What we learned the hard way
The biggest mistake is assuming the agent will always make the right decision. In production, edge cases are the norm. A support agent that classifies tickets will work perfectly 95% of the time — but that remaining 5% can generate incorrect responses to important clients.
The solution is not more prompt engineering. It is designing the system so that failures are detectable, reversible, and escalable. Limiting the blast radius of each agent action. And continuously measuring decision quality against an evaluation set.
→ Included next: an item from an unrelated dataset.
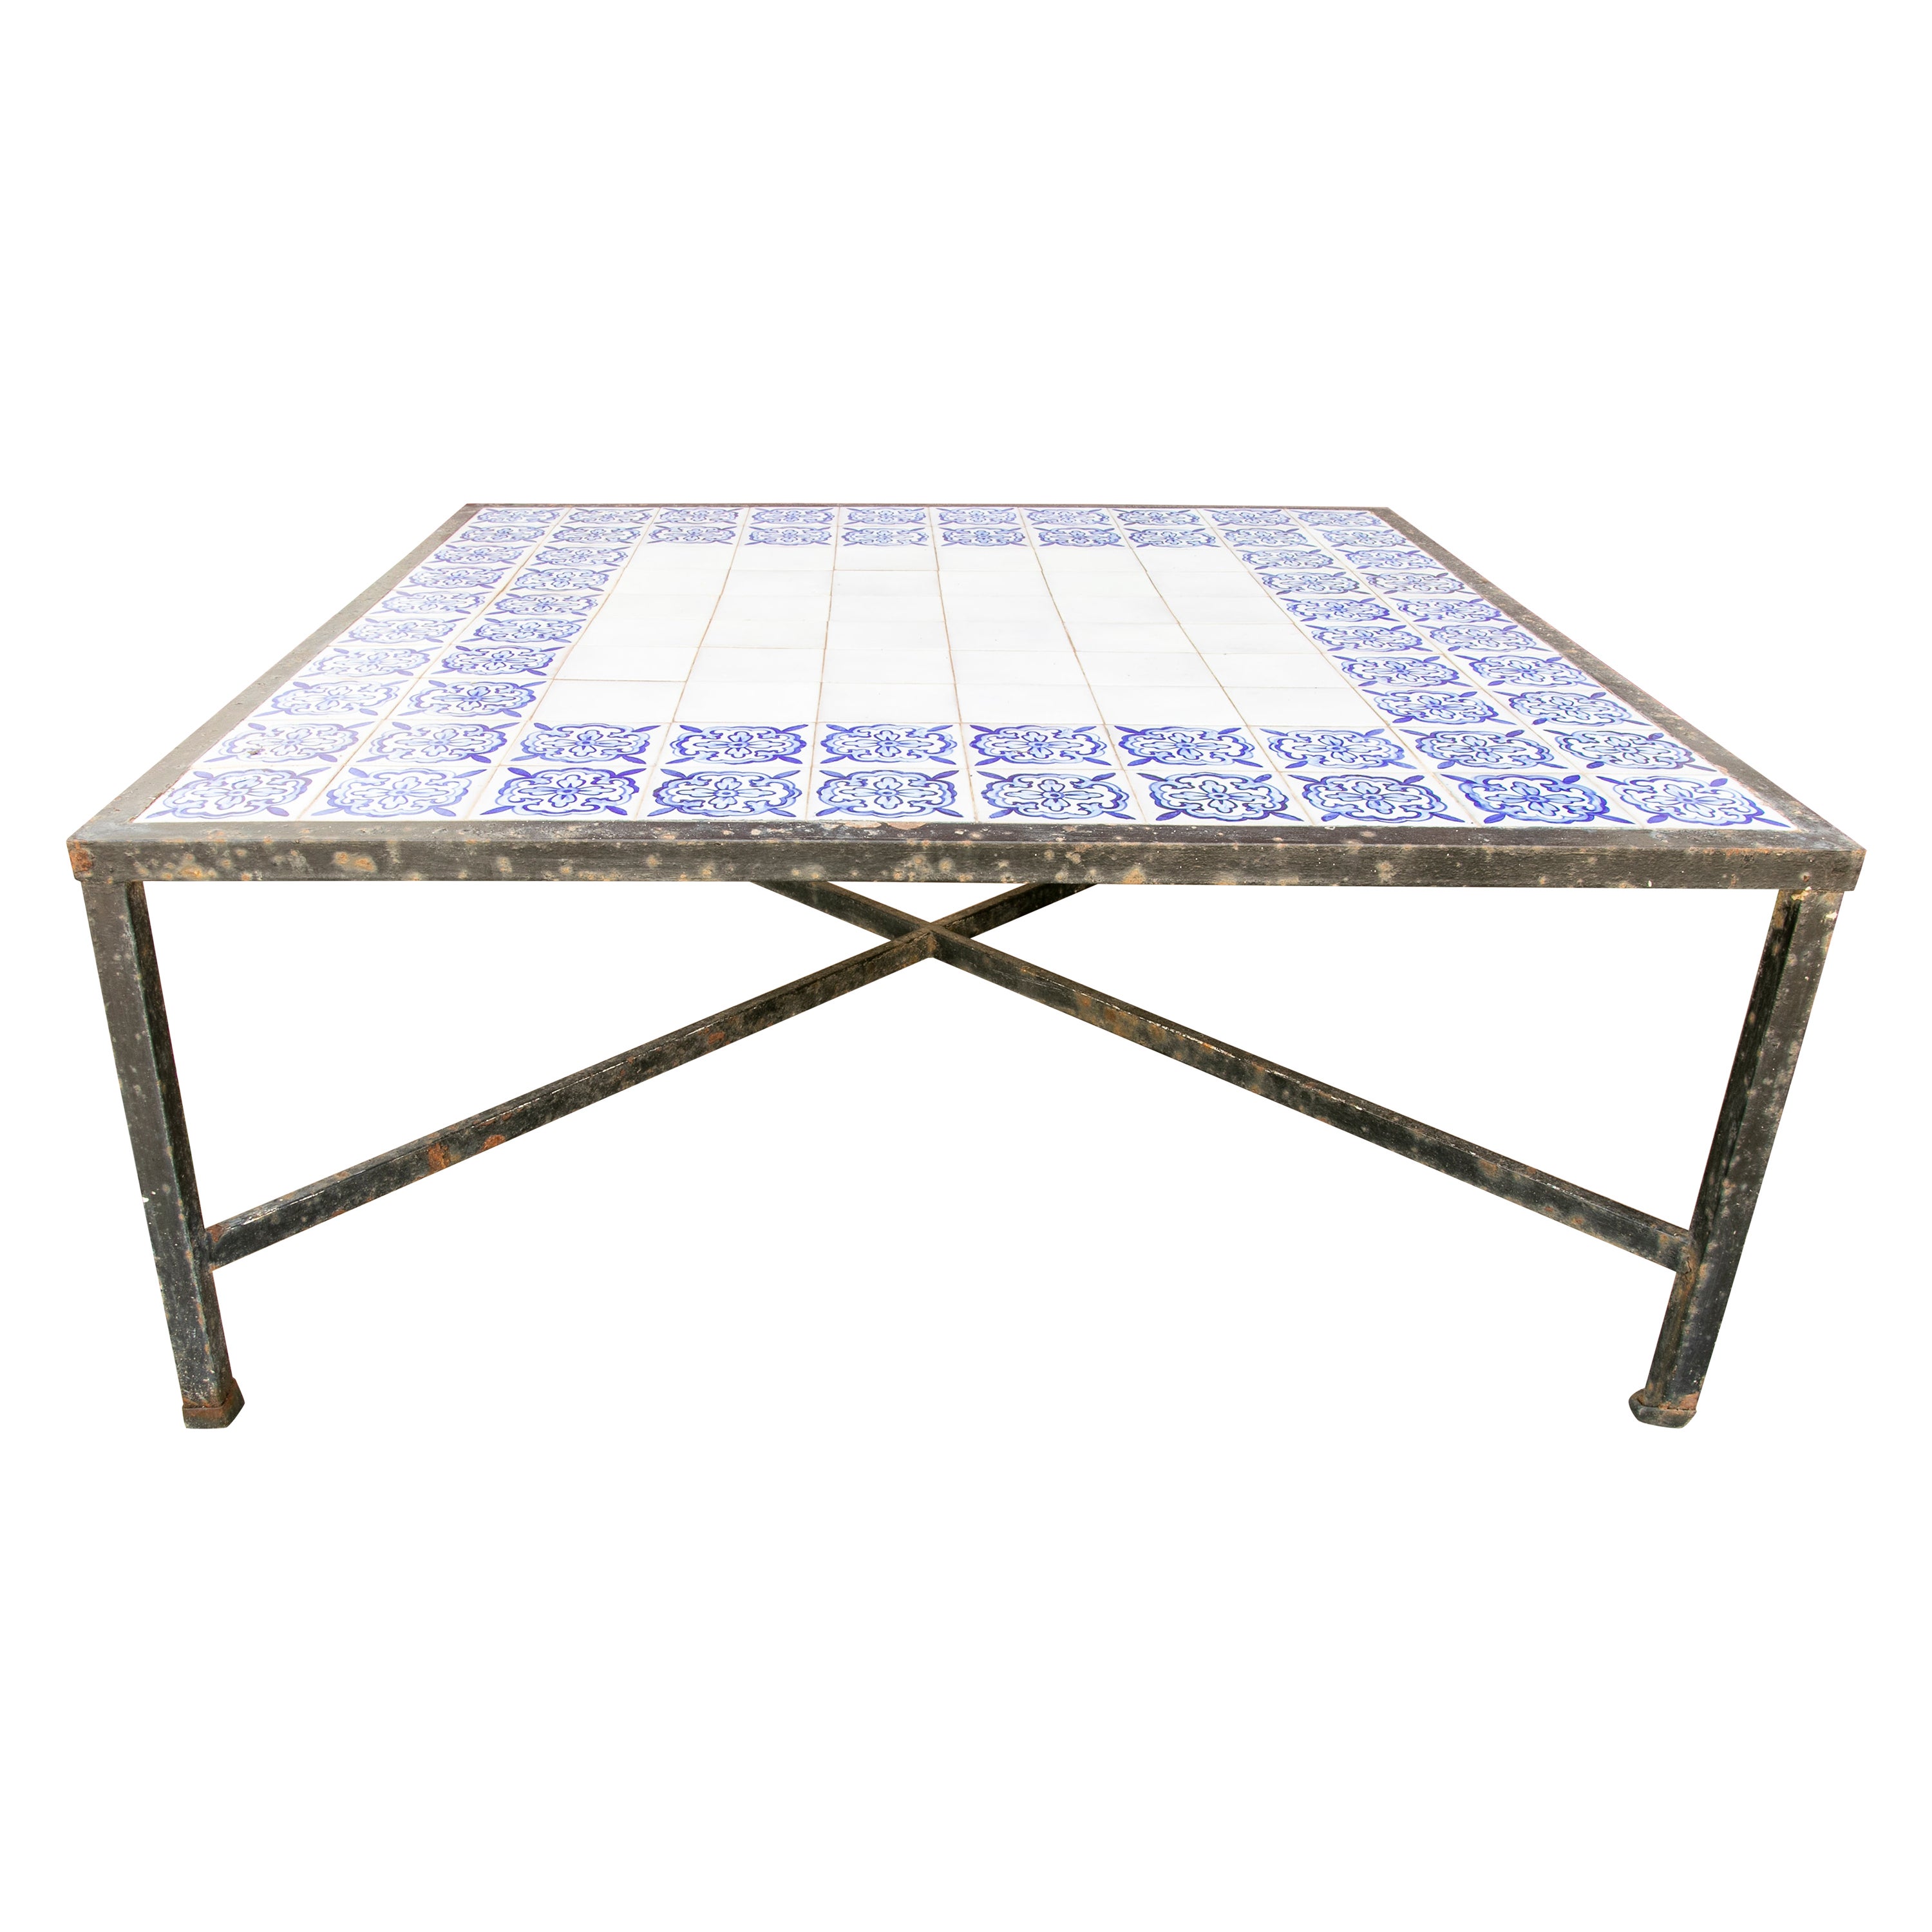 1980s Table with Iron Base and Geometrical Tiles on Top

Three more lessons from running agents in production for a year:
Test with adversarial inputs. Users will send your agent things you never imagined — empty messages, messages in the wrong language, screenshots when it expects text, or deliberately misleading instructions. Build a test suite of 50+ adversarial cases and run it on every prompt change.
Keep the system prompt under 2,000 tokens. Longer prompts give the model more information, but they also increase latency and cost per step. The agent loop multiplies this cost by 5-25x. We have found that concise, well-structured system prompts outperform verbose ones.
Log every tool call, not just errors. When something goes wrong on step 15 of an agent run, you need the full trace to understand how it got there. Logging only errors gives you the symptom. Logging every step gives you the diagnosis.